A Bueno Brunch At Buena Vista Cafe, Home of Irish Coffee
This is as clear as we could get our packed table for a shot of the Buena Vista Cafe's trademark Irish Coffee.
Photos by Andrea Grimes and Man O' The Hour
Generally speaking, I don't recommend visiting restaurants that have attached gift shops if you are over the age of 10. And really, if you're under the age of 10 believe me when I tell you: Absolutely nobody gives a shit about your Hard Rock Cafe T-shirt collection, least of all the cadre of friends and relatives you've baby-bullied with your tiny, nerdchild tears into bringing you back the overpriced sartorial souvenirs. And in a few years, even Goodwill is not going to give a shit about your Hard Rock Cafe T-shirt collection. No one will think less of you if you don't ever get the Madrid shirt, Andrea, nobody! NOBODY! GIVE IT UP NOW AND START COLLECTING VINYL.
But specifically speaking -- if it gets any more specific than addressing your 10-year-old self on a Dallas food blog -- I do recommend visiting the Buena Vista Cafe in San Francisco, which has a gift shop but! but! also what is probably the country's, if not the world's, finest Irish Coffee and a crab eggs Benedict that will make your brain fall out of your head if you try to understand how great it is.
I spent the New Year's weekend in Northern California with the Man O' The Hour, who took me on a whirlwind 72-hour tour of his homeland. We visited some mighty fine dive bars and ate In-N-Out Burger (tasty, but I'm not sure I understand the hype). We scarfed down Indian pizza, something I hope catches on with more fervor than Korean tacos. And we ate brunch at the historic Buena Vista, which is in the touristy area over by Geerardelli Square. I am not going to look up how to spell that because we have brunchy booze and eggs to discuss, both of which are mightily superior to chocolate.
New Year's Day was probably as crowded as any hangover Saturday near the water, with soggy, cold patrons fighting for first-come, first-serve seats inside the wood-paneled bar, behind which imposing, gray-haired bartenders responded to calls of "MAKE FIVE! MAKE TWO!" from vested waitresses counting Irish coffee orders.
The mix of locals and tourists made the place feel a bit like McSorley's in New York City, the Man O' The Hour mused. It's homey and friendly, but also a guidebook destination. The bar and cafe is too loud and messy and difficult to navigate for faint-of-heart tourists, and if you've got a full agenda of buying sourdough, chocolate and reproduction prison uniforms from Alcatraz, you're not going to want to spend a couple of hours elbowing your way through a plate of eggs.

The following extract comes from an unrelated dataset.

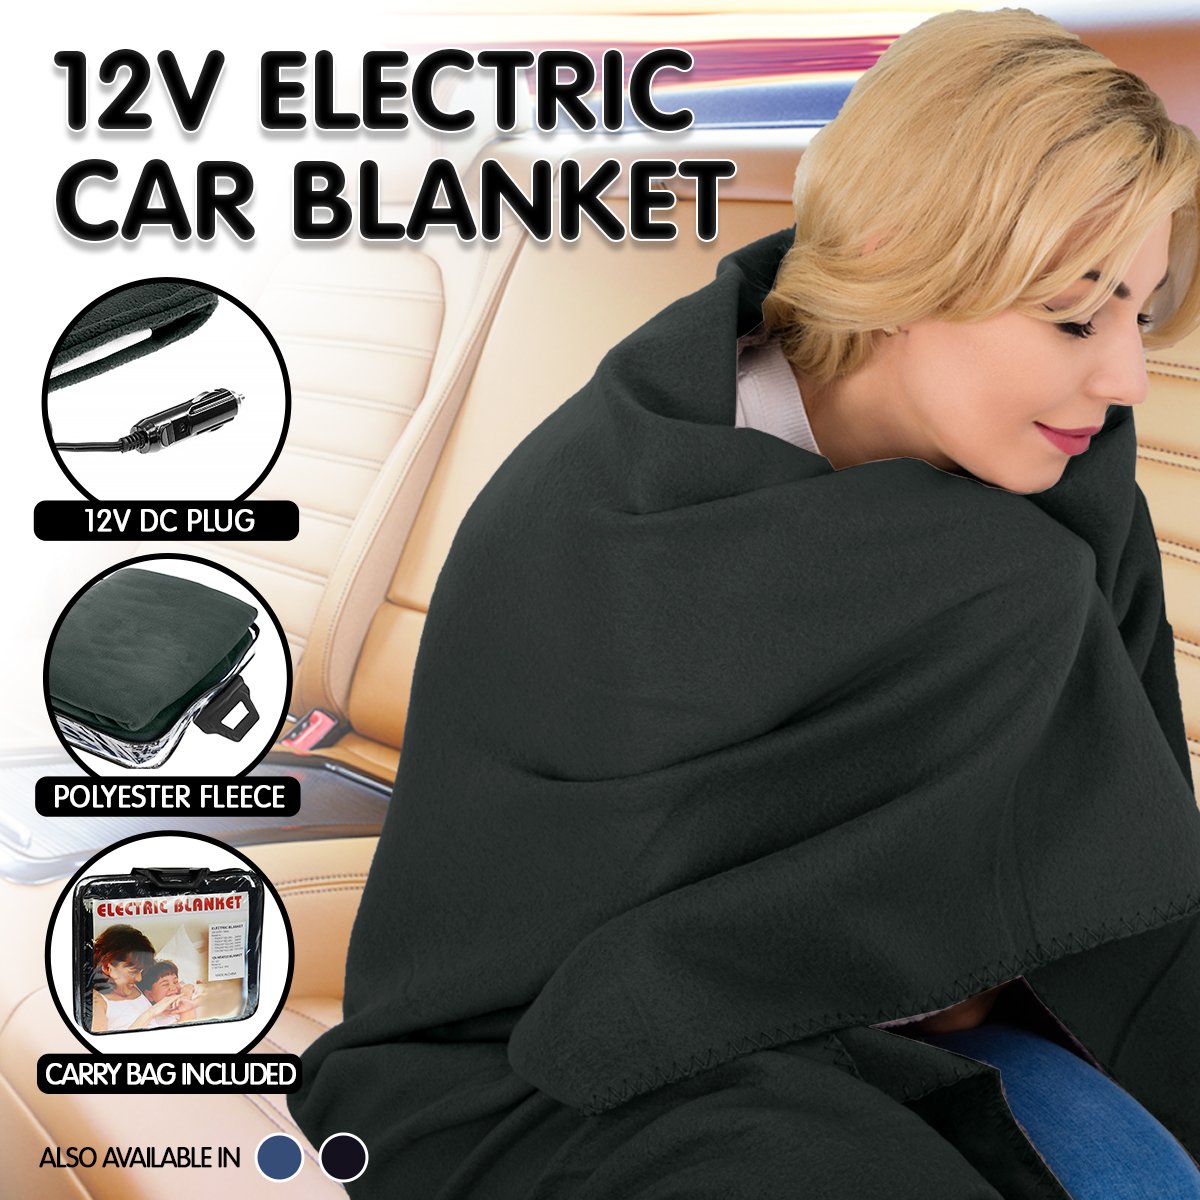 Laura Hill Heated Electric Car Blanket 150x110cm 12V - Black
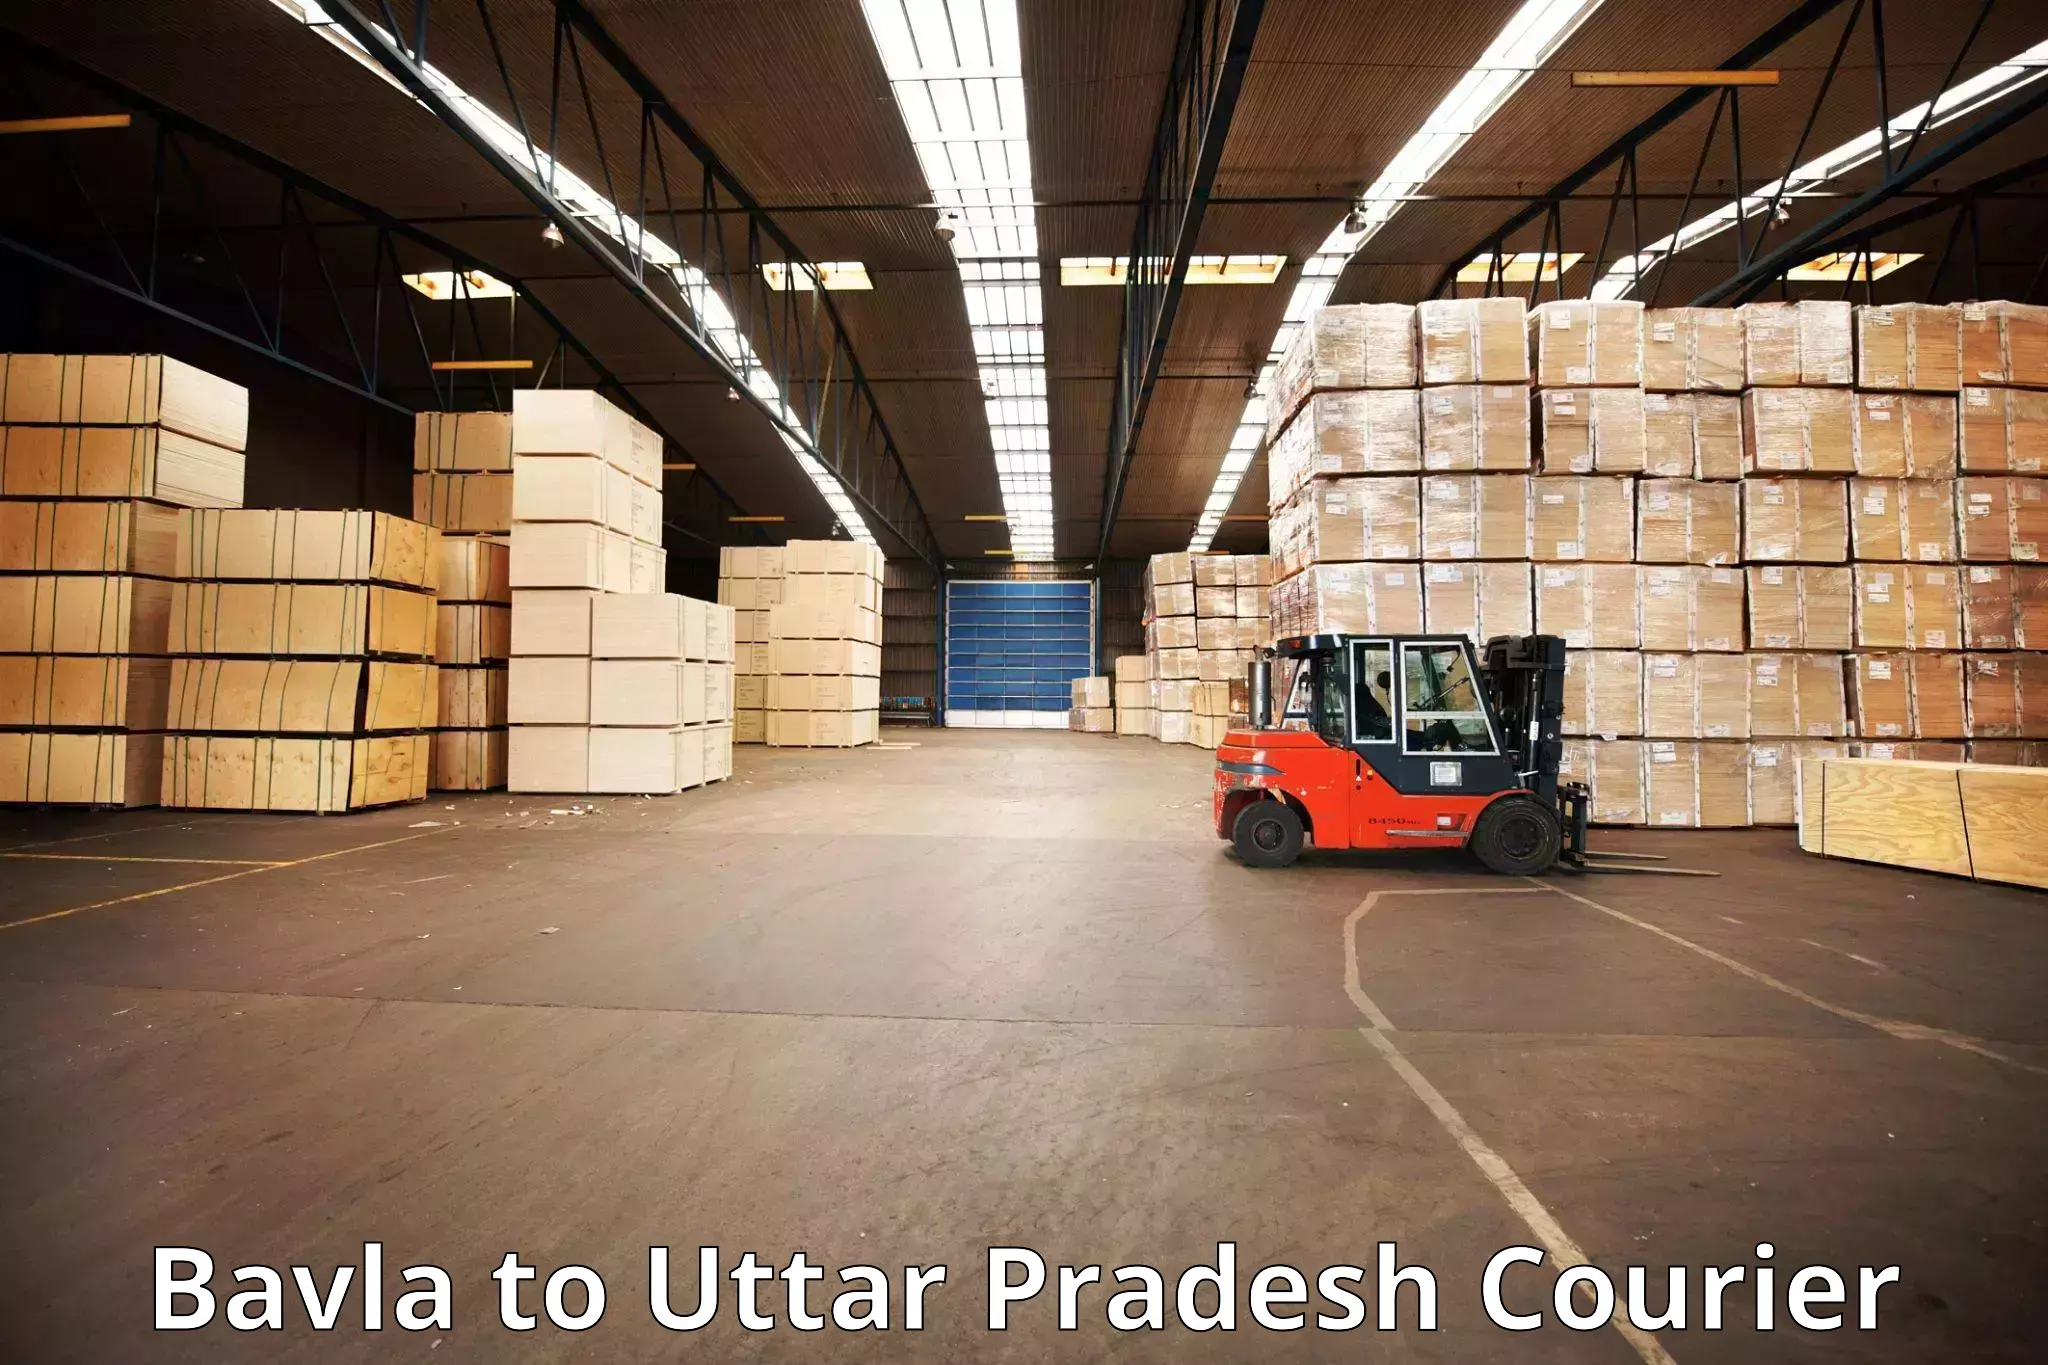 Luggage transport consultancy Bavla to Uttar Pradesh

Bloody Buena Vista Mary, con giant stalk o' celery.
We found a place at the bar a few minutes after 11 a.m., ordered a couple of Bloody Marys, and had two seats at a round five-top in 15 minutes or so. The Buena Vista Cafe is known for its Irish coffees -- they say the drink was more or less invented there -- but I needed some vitamins with which tamp down my New Year's Eve hangover, so Marys came first in squat glasses filled to the brim with what I believe was a spicy Clamato mix and ridiculously tall celery stalks that dwarfed our fat chalices. Our final bill wasn't itemized, but the delicious, tangy drinks couldn't have been more than $5 apiece.
We sat down among some middle-aged Bay Area outliers sporting tie-dyed T-shirts and a couple of white-boy 'fro-puffs, downing Irish coffees as if some set decorator had put them there to make sure I got my fill of Northern California hippies on the trip. They recommended the Crab Benedict, which we ordered along with the Eggs Blackstone for something like $13 apiece, because when somebody says "grilled tomato," I say "Immediately, please!"
Insert joke about getting crabs here.
The Crab Benedict "
Find the Eggs Blackstone under all that Hollandaise.
For dessert, we ordered two Irish coffees, made with Tullamore Dew and a dollop of the most amazing almost-whipped cream I've ever tasted. The cream, it seems, is a big part of the Buena Vista secret. It's aged and then whipped until it's not quite actual whipped cream, so it floats perfectly on top of the whiskey and coffee. The bartenders at the Buena Vista are said to make up to 2,000 of the drinks per day, which possibly accounts for how cheap they are -- again, probably a fiver each.
I could have sat inside that toasty bar all day long, alternating Bloody Marys and Irish coffees, watching the rainy day float by the San Francisco Bay. But alas, there were bridges and seals to see, so we closed our mightily affordable tab and headed back into the Northern California rain. I didn't stop in the gift shop.